Data below Block Start
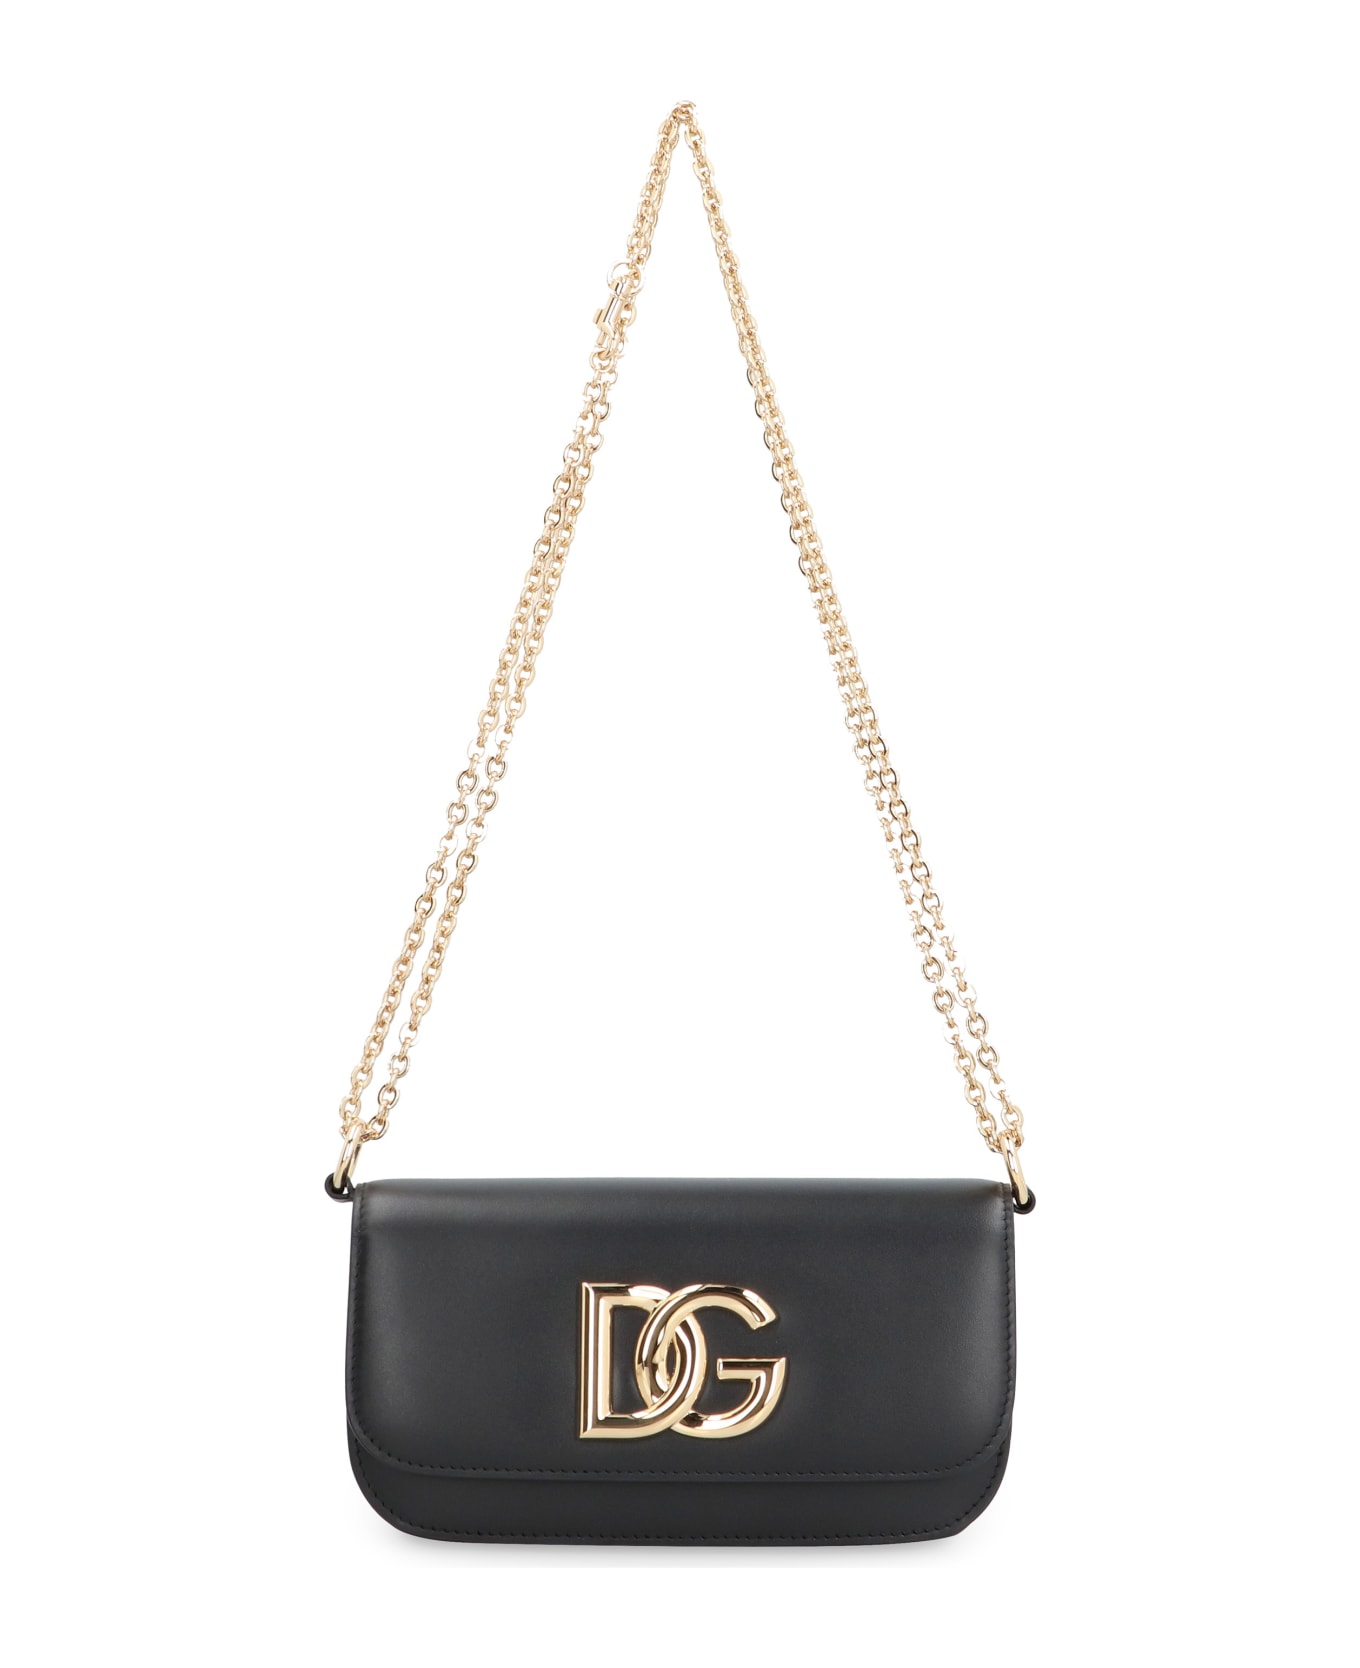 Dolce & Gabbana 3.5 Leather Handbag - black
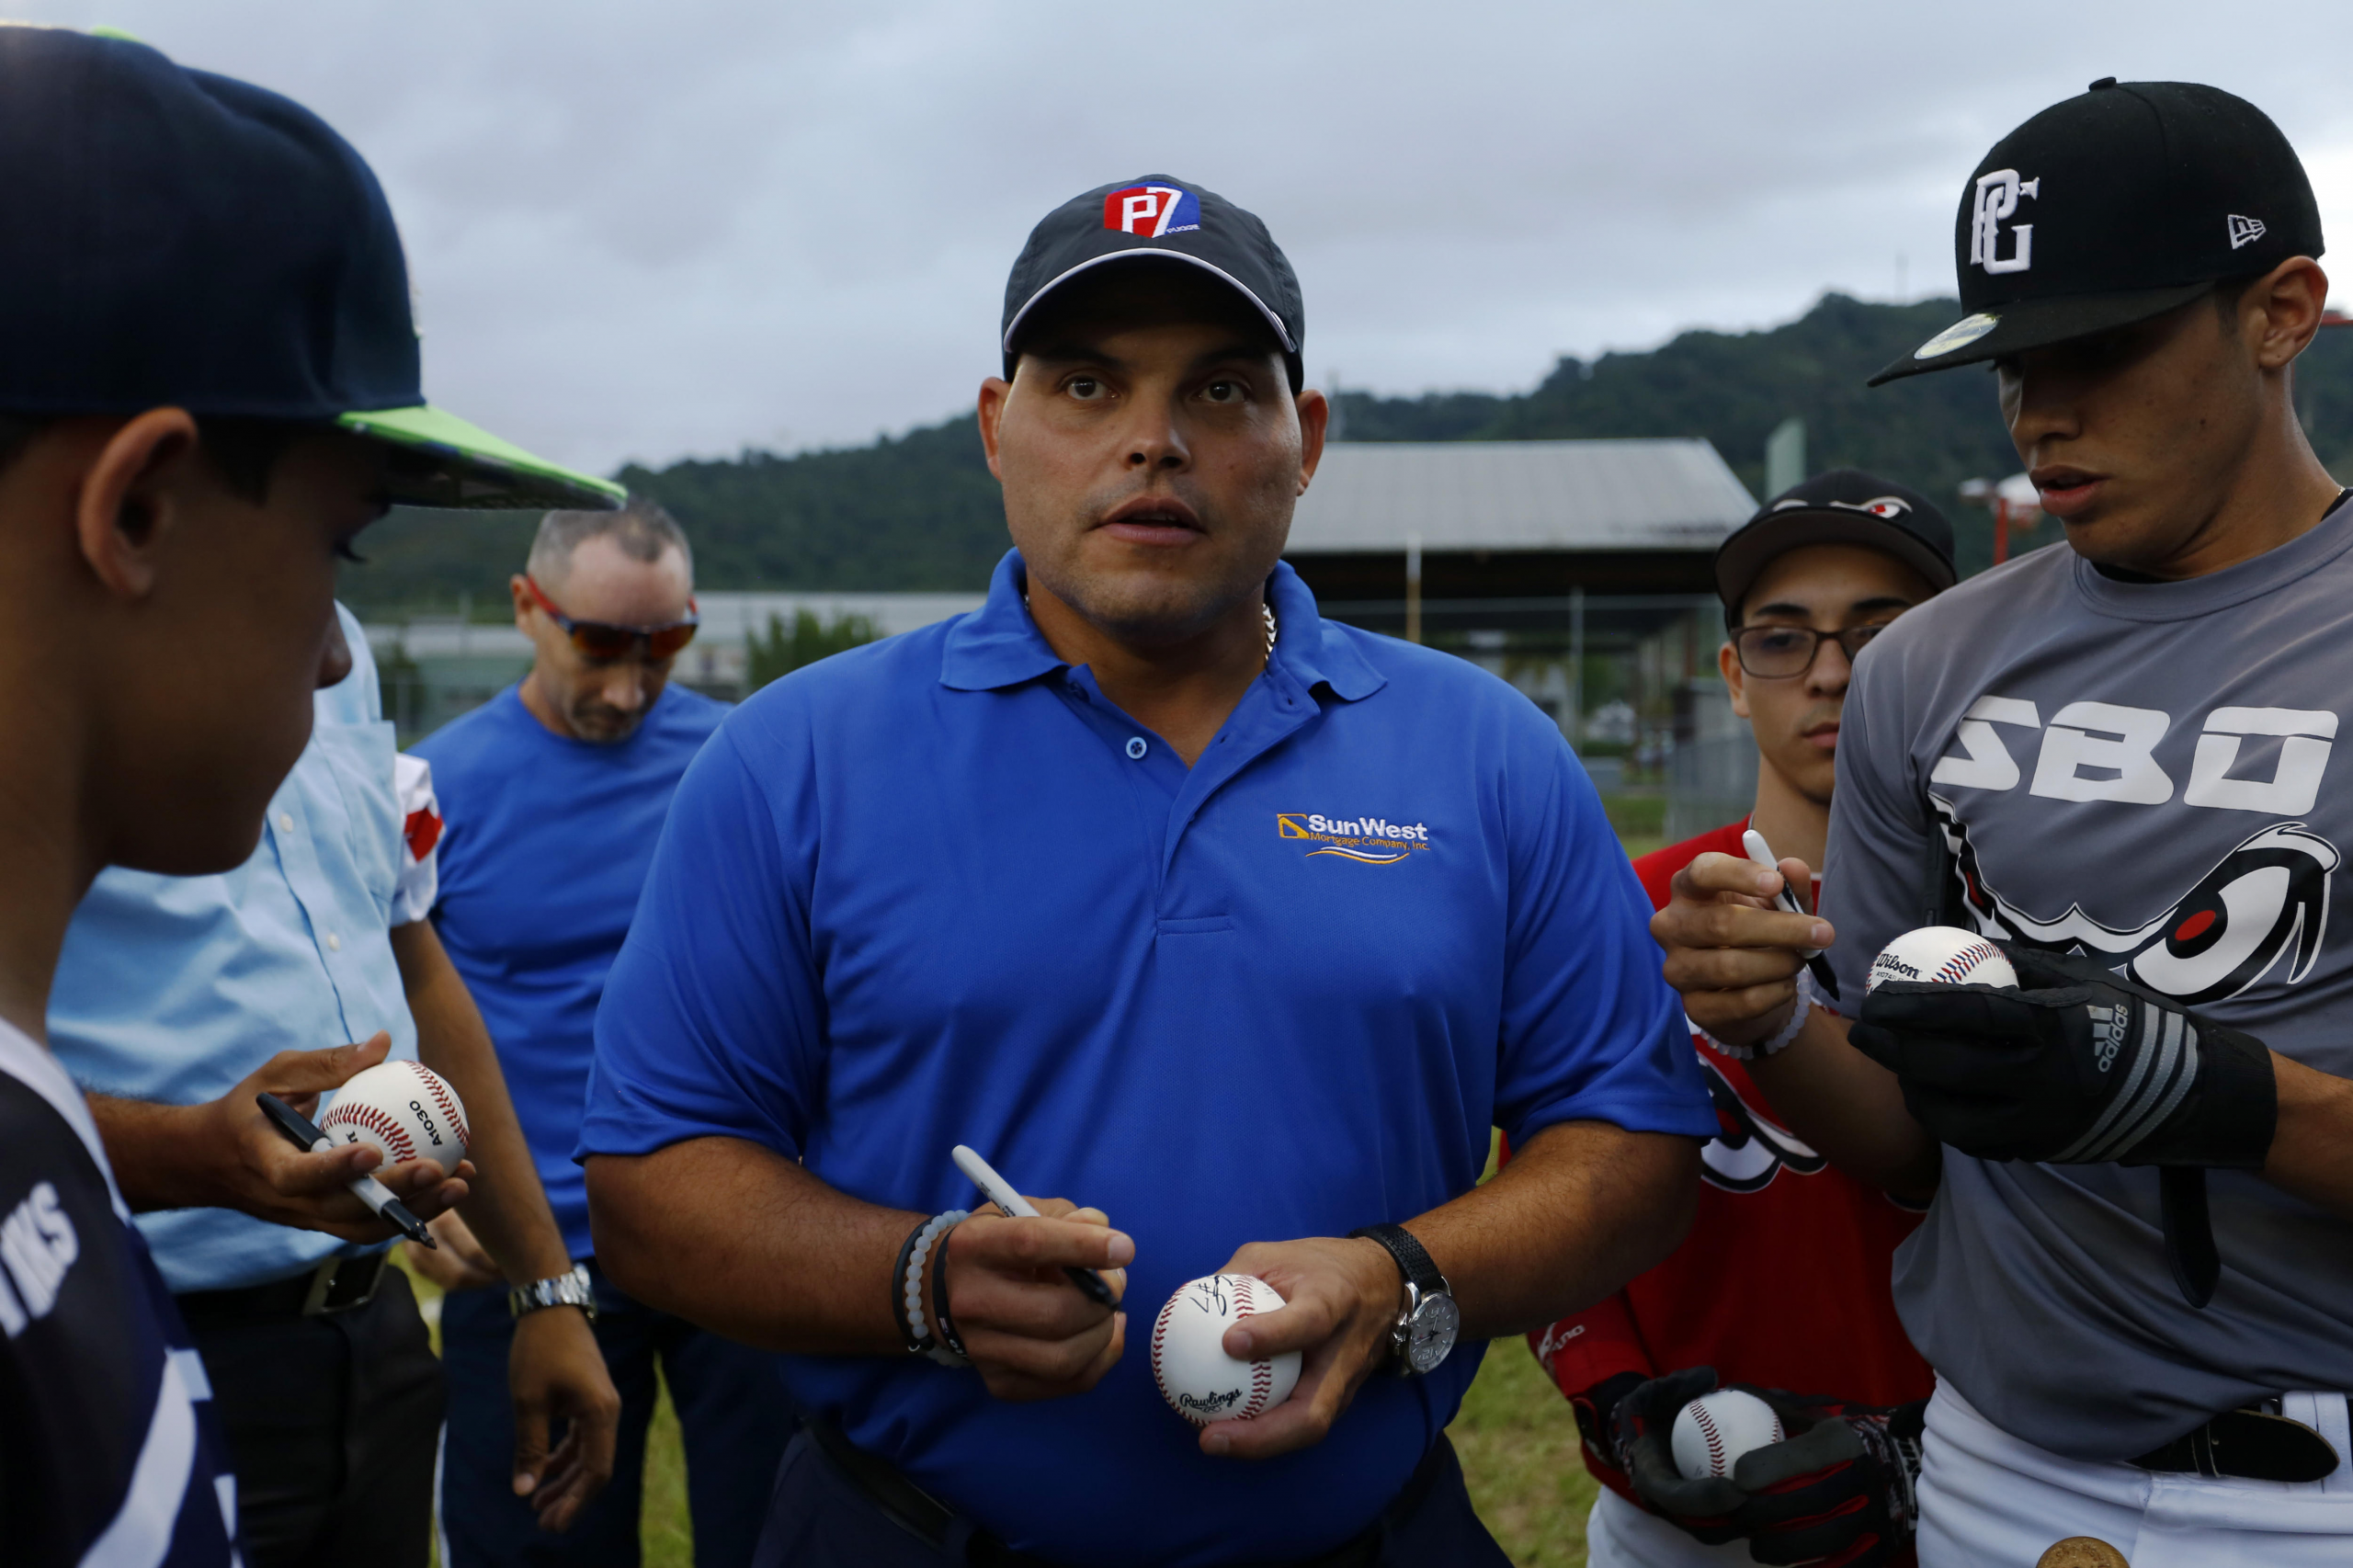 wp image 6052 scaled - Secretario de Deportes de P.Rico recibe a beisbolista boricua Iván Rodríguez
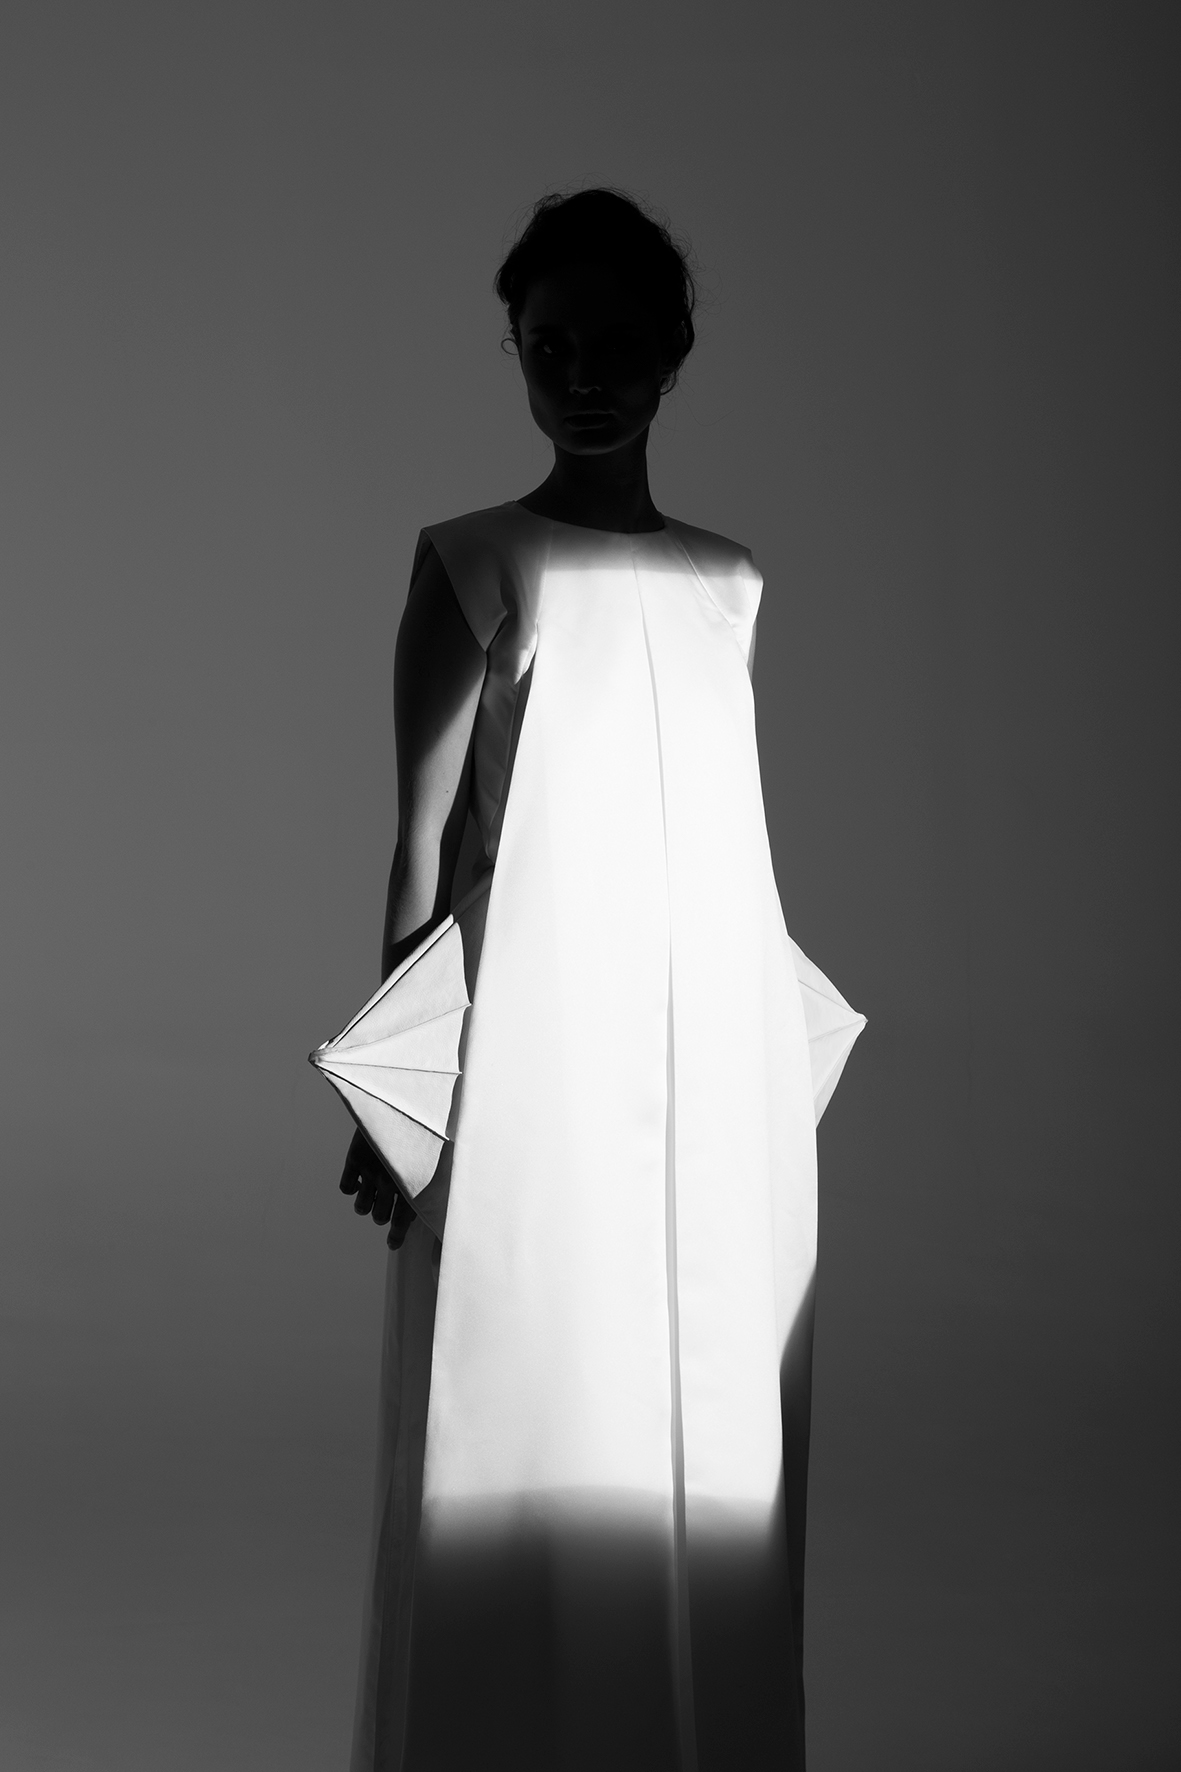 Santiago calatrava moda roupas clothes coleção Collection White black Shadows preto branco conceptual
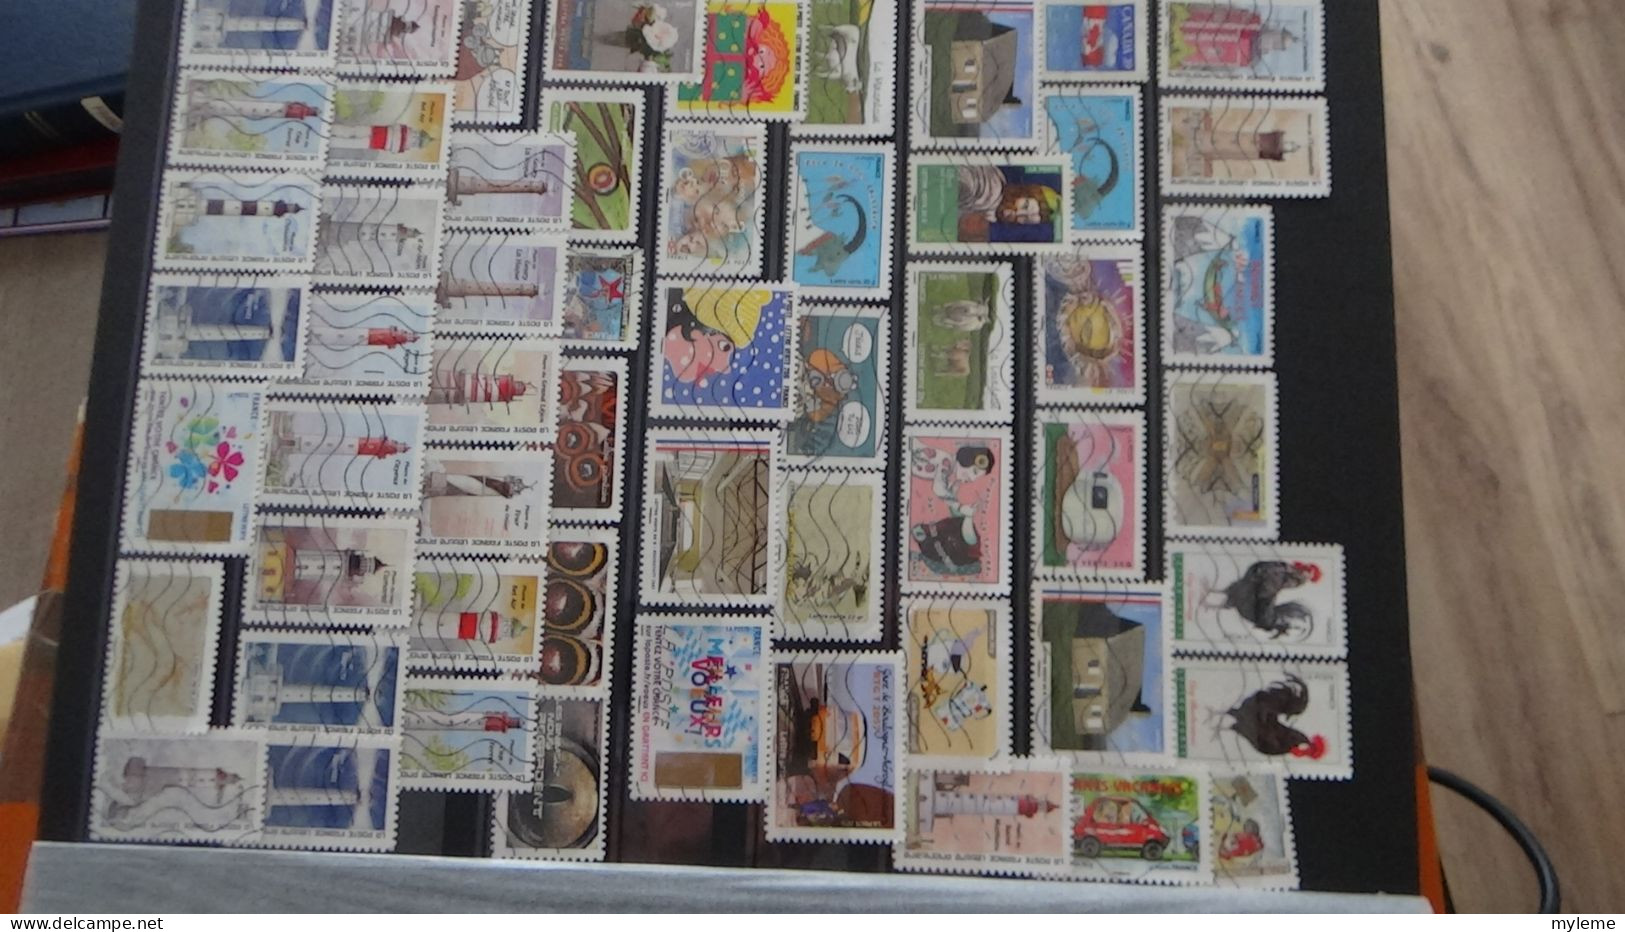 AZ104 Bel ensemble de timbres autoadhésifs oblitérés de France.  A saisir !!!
Data below Block End
# What the task requires
Would you output the full listing exactly as it stands, minus the images?

# Response to this task
 Dolce & Gabbana 3.5 Leather Handbag - black
 wp image 6052 scaled - Secretario de Deportes de P.Rico recibe a beisbolista boricua Iván Rodríguez
 Santiago calatrava moda roupas clothes coleção Collection White black Shadows preto branco conceptual
 AZ104 Bel ensemble de timbres autoadhésifs oblitérés de France.  A saisir !!!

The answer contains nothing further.